** Dataset excerpt **
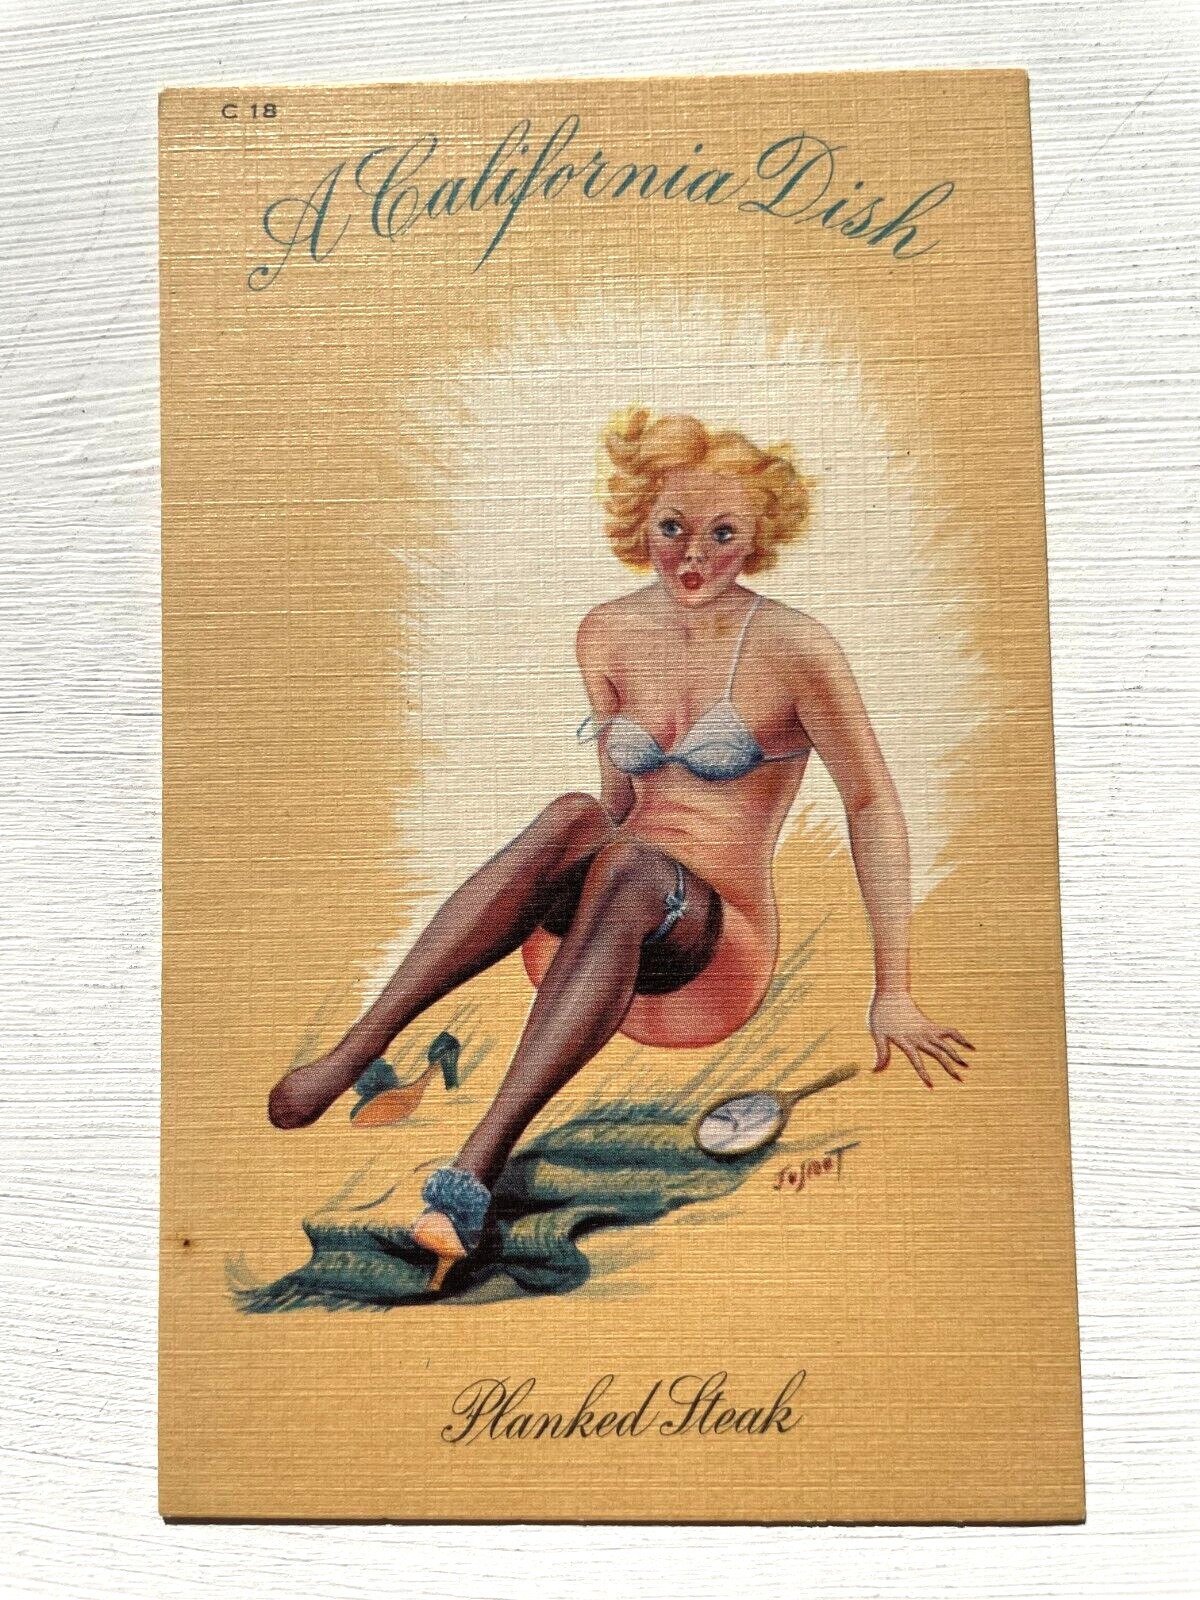 Vintage 1940's Pinup Girl Picture Mutoscope Card- A California Dish
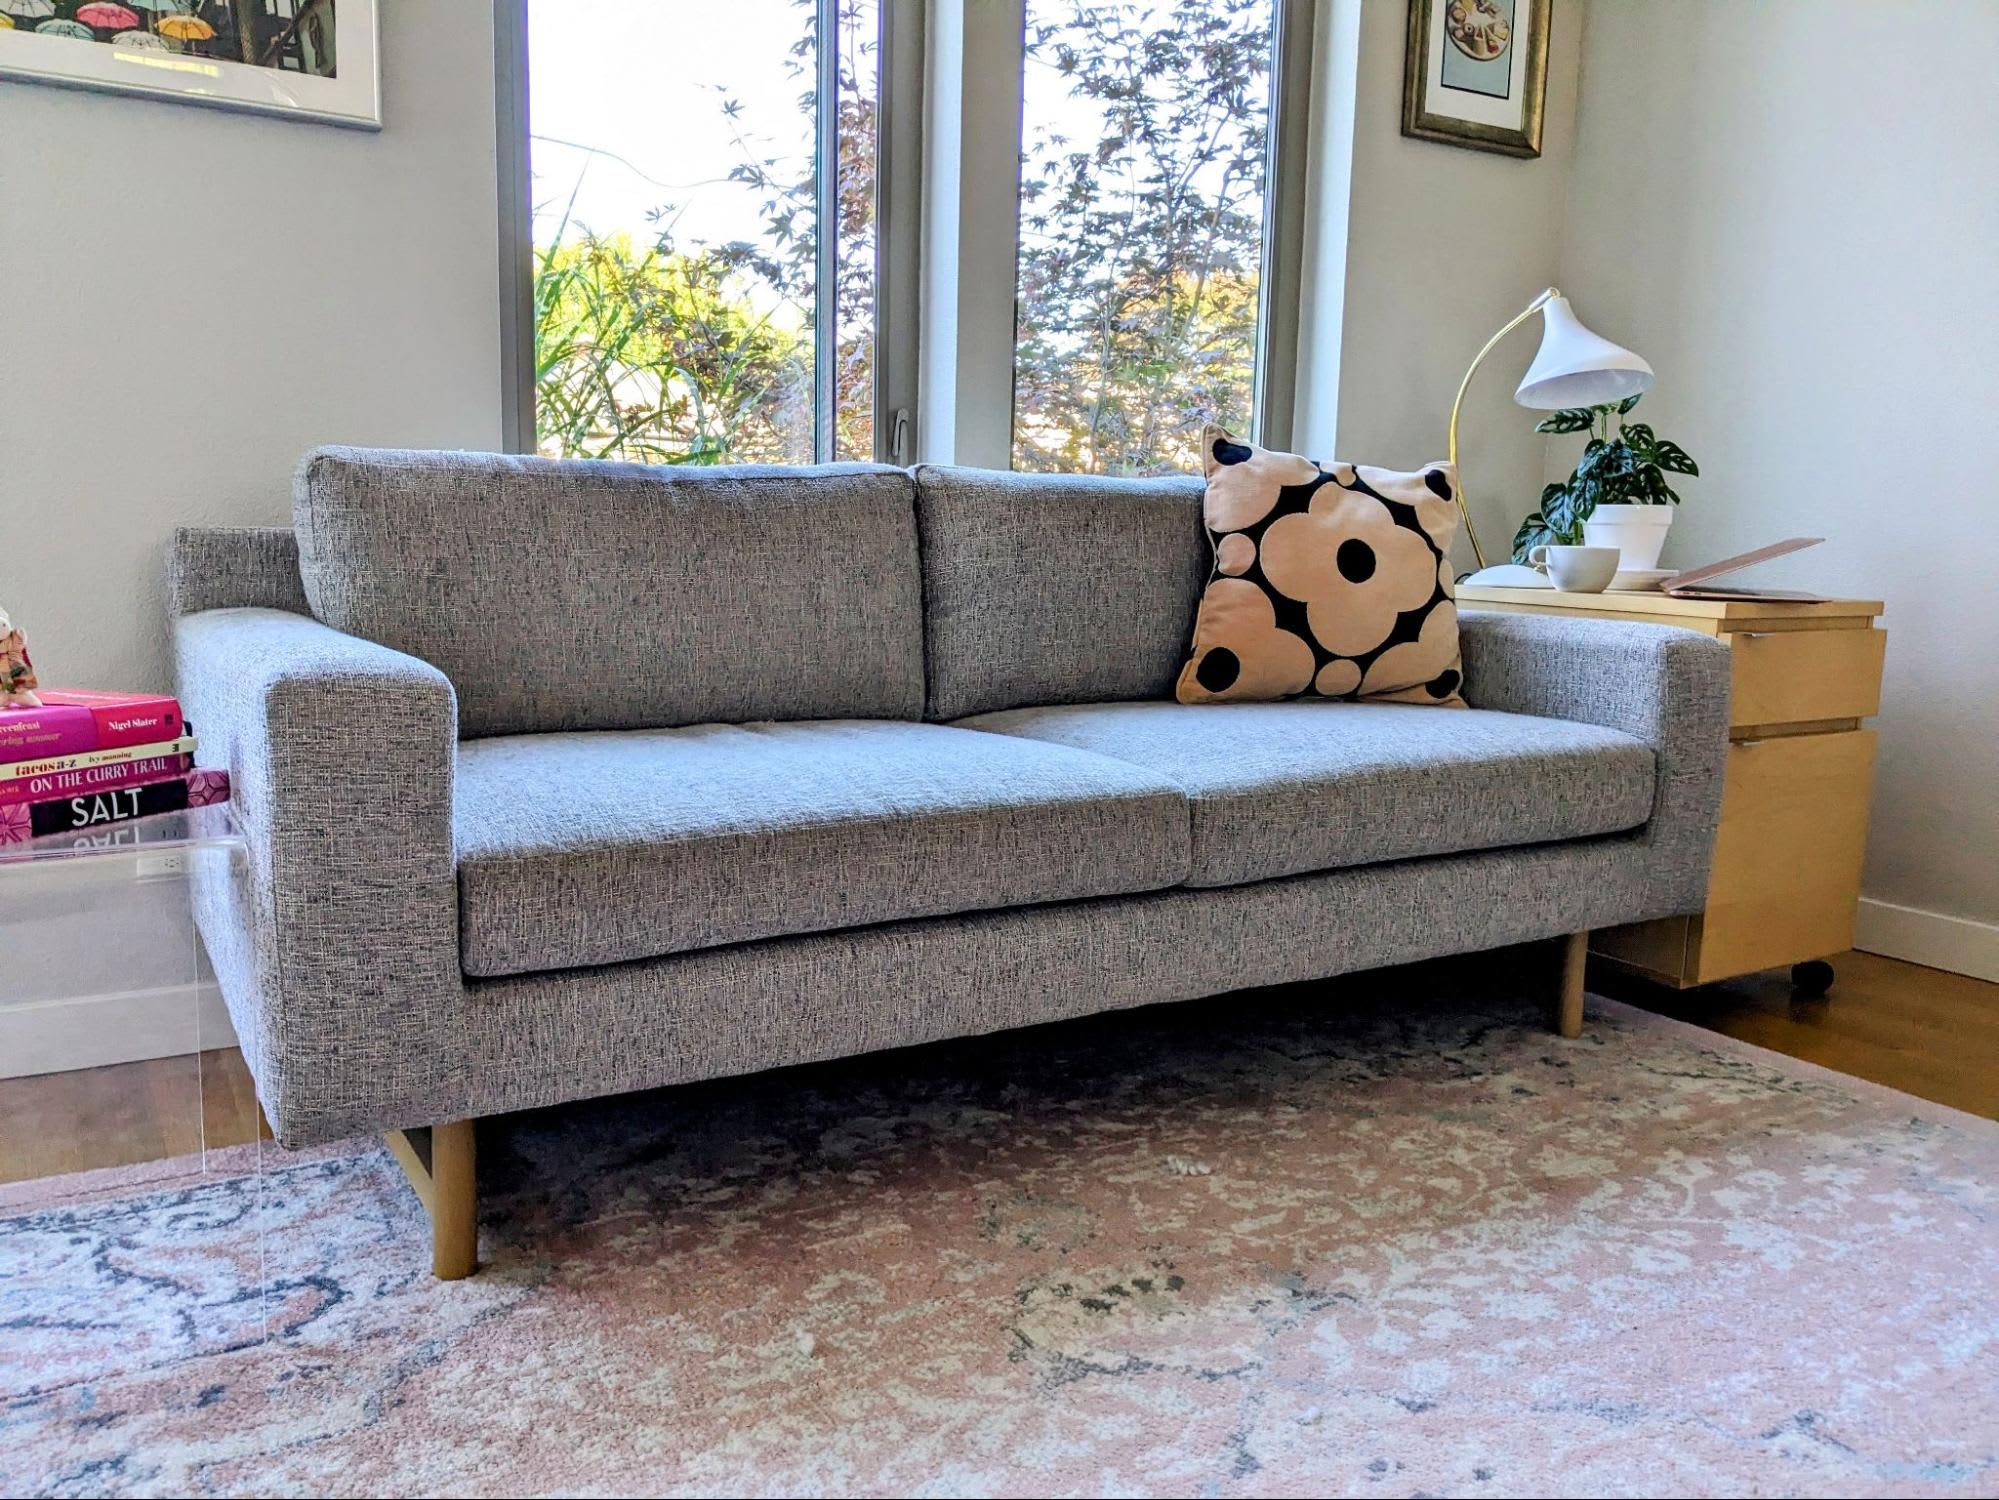 West Elm Sofa Review - Why You Should Never Order a West Elm Couch
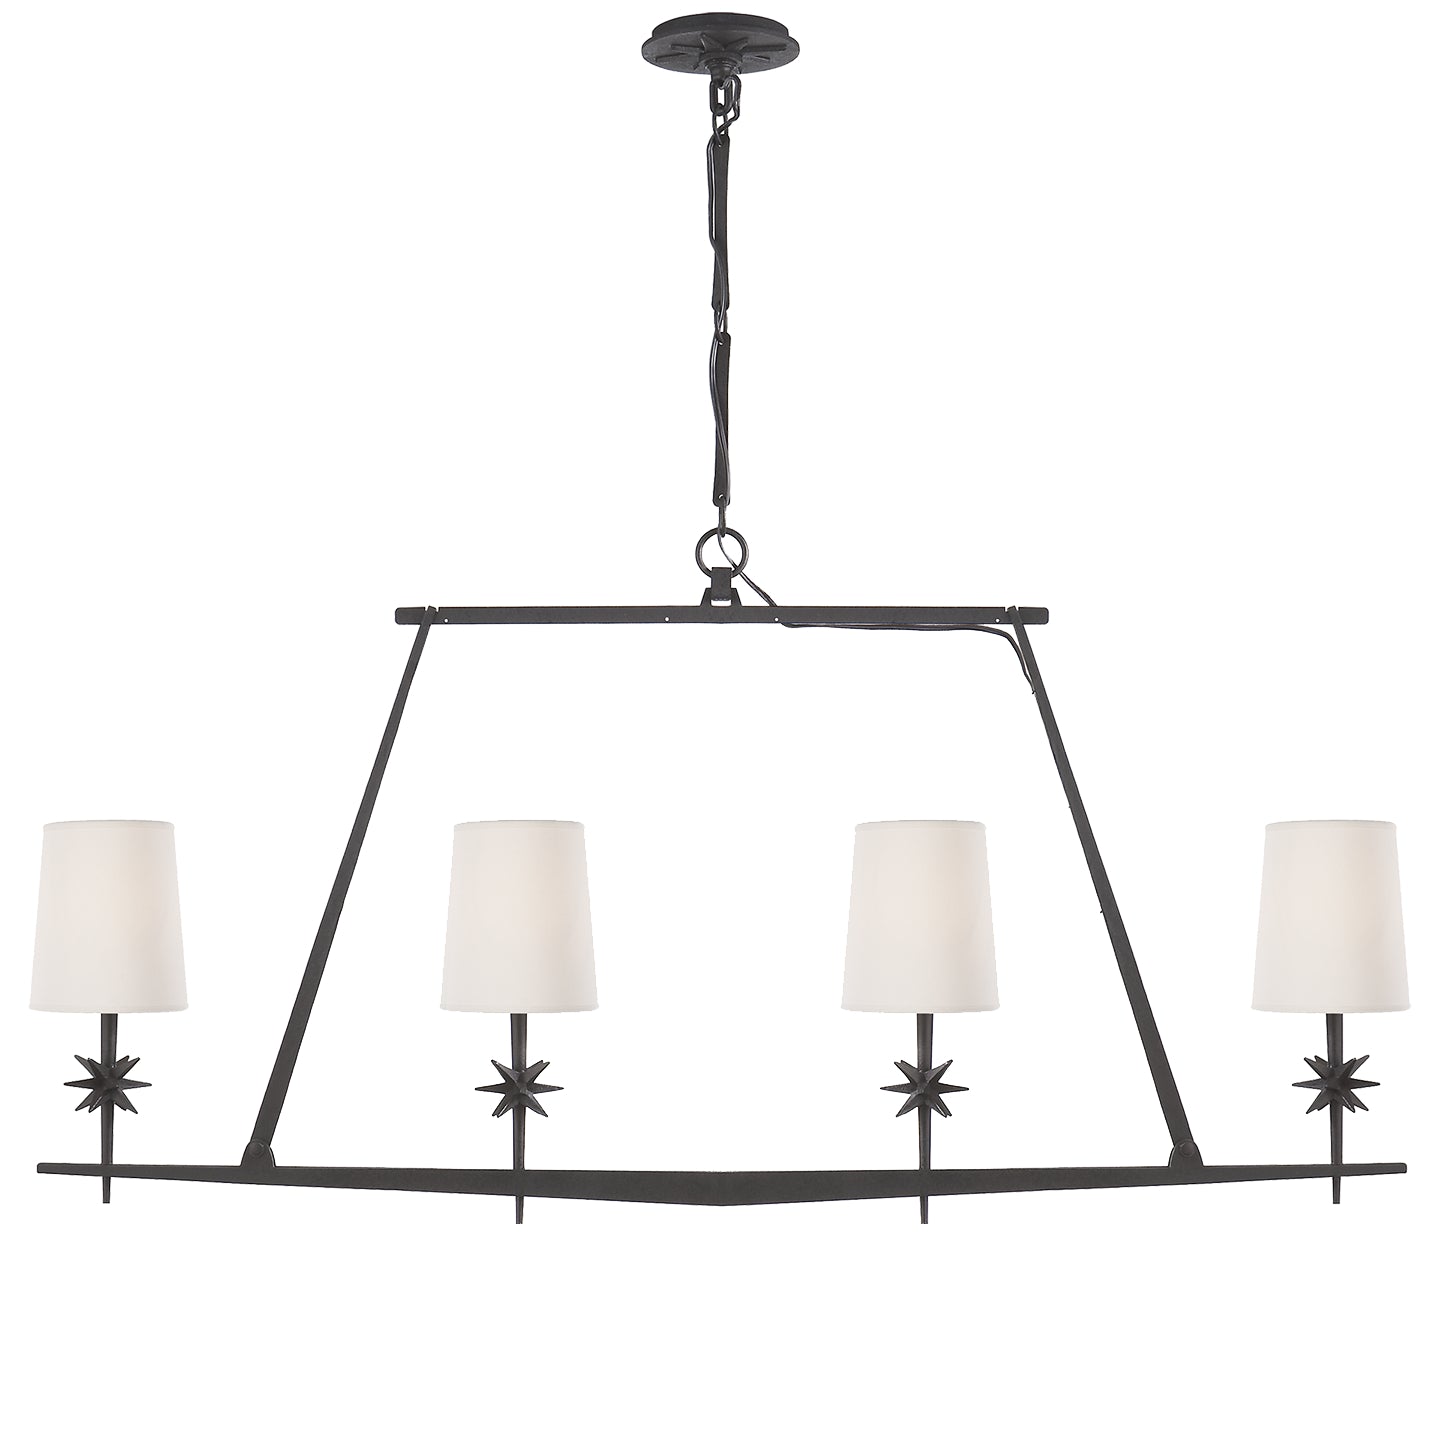 Visual Comfort Signature - S 5316BR-NP - Four Light Linear Chandelier - Etoile - Blackened Rust

** Work instructions **
Could you give the listing again exactly, minus its pictures?

** Answer box **
 Vintage 1940's Pinup Girl Picture Mutoscope Card- A California Dish
 West Elm Sofa Review - Why You Should Never Order a West Elm Couch
 Visual Comfort Signature - S 5316BR-NP - Four Light Linear Chandelier - Etoile - Blackened Rust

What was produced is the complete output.